Consultei o Google para saber quem era. Soube que ela tinha sido a primeira pessoa a gravar a obra completa de Bach para teclado. Foram 21 LPs (depois 20 CDs) gravados entre 1965 e 74. Mas o que me impressionou mesmo foi que ela tinha vivido 90 anos e passado por três campos de extermínio nazistas. Um deles tinha sido Auschwitz.
Judia, ela sobreviveu, claro. Se não o tivesse, não estaria tocando na Livraria… Descobri também que ela tinha escrito uma autobiografia. Só que eu estou cheio de ler livros sobre o Holocausto. Mas, OK, pedi o livro, que é recente.
Depois de passar dois meses no hospital, minha mulher Elena ainda tem dificuldades para dormir. Então eu leio livros para ela todas as noites. Já terminamos vários. E comecei a ler “Cem Milagres” em voz alta para ela. O livro é ótimo e mudamos de problema, porque a Elena ia ficando cada vez mais acordada enquanto leio.

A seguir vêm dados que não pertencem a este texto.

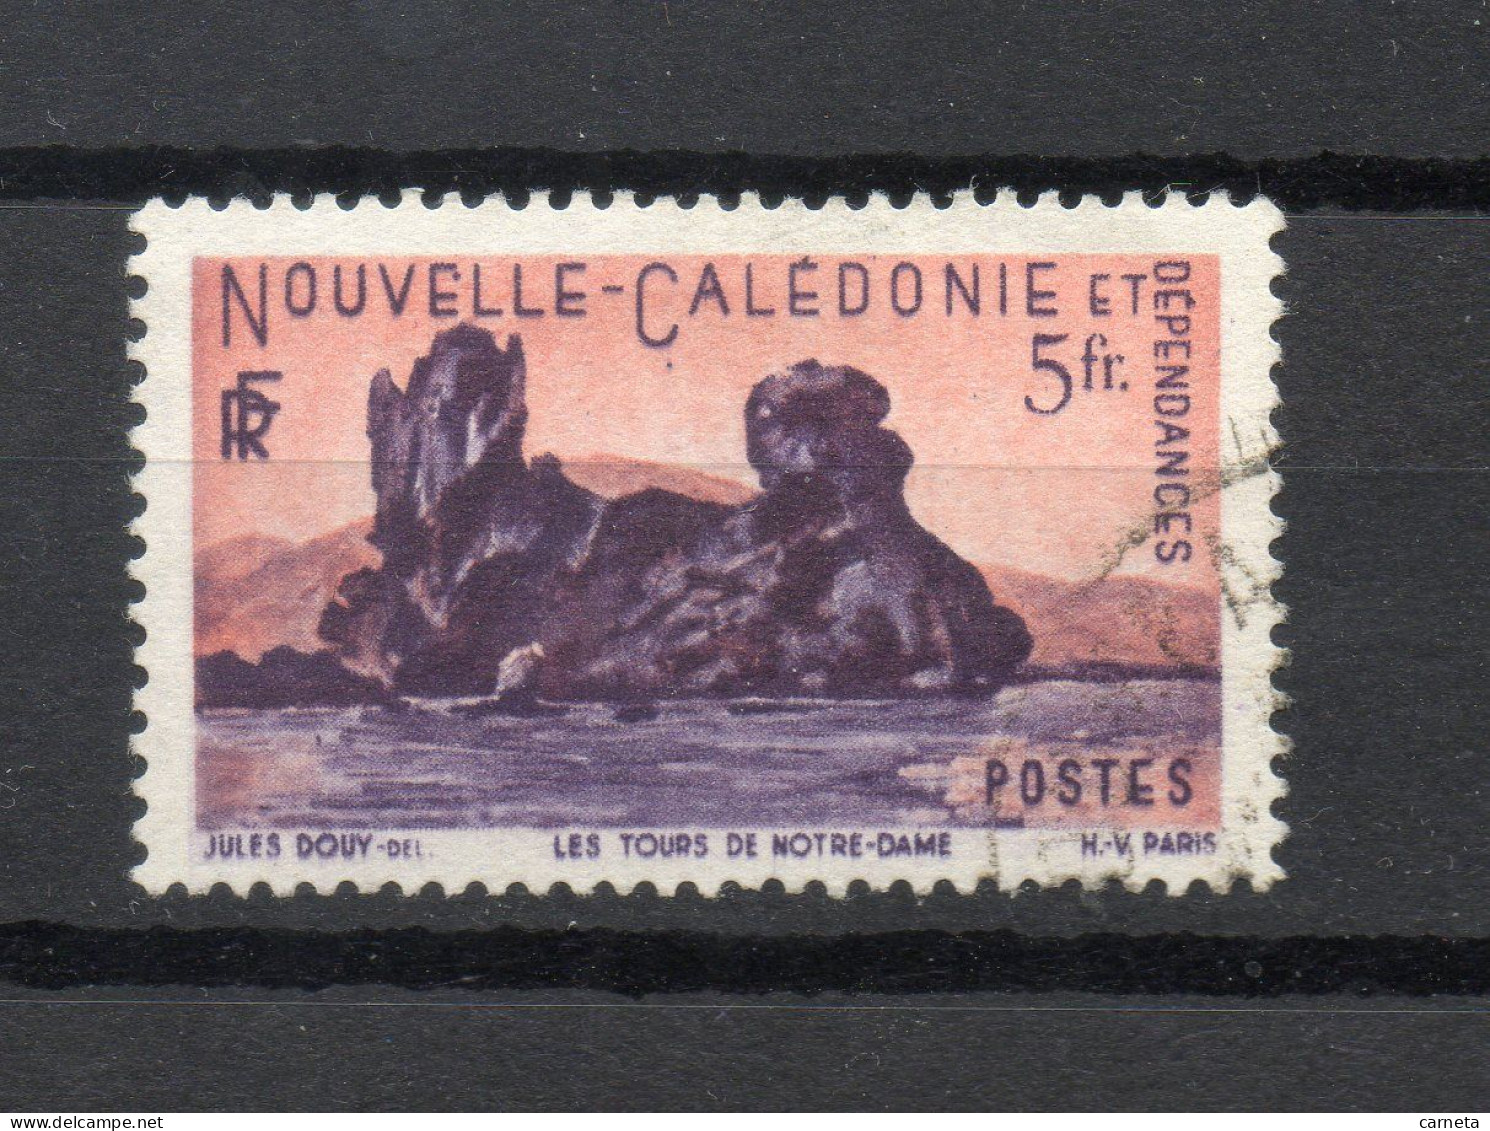 Nlle CALEDONIE N° 272   OBLITERE COTE 1.50€   PAYSAGE - Used Stamps

Foi escrito a 4 mãos. Uma jornalista inglesa gravou as memórias de Zuzana e passou para o papel. Um dos milagres foi que a cravista faleceu 5 dias após finalizarem as entrevistas. Ela conta não apenas sua vida com os nazistas — permaneceu quase 5 anos presa –, mas sua vida sob o desconfiado stalinismo tcheco do pós-guerra, quando dava concertos em Paris, Londres mas também em pequenas cidades do interior da Tchecoslováquia, para operários, ou conhecedores de música.
O livro não obedece a ordem cronológica. Ainda bem, porque ler juntos os capítulos sobre os campos de Terezín, Auschwitz e Berger-Belsen seria insuportável para o leitor. A verossimilhança e o detalhamento da narrativa são muito abrasivos para qualquer um. Então a biografia alterna capítulos de diversas fases da vida de Zuzana e seus diversos milagres. Milagres de sorte, de azar, de talento, de ter vivido sob o nazismo e o comunismo, de ser mulher e judia, de ser cravista em vez de pianista, de ser uma pioneira, de tentar lembrar da música nas piores condições possíveis e muitas vezes esquecê-la.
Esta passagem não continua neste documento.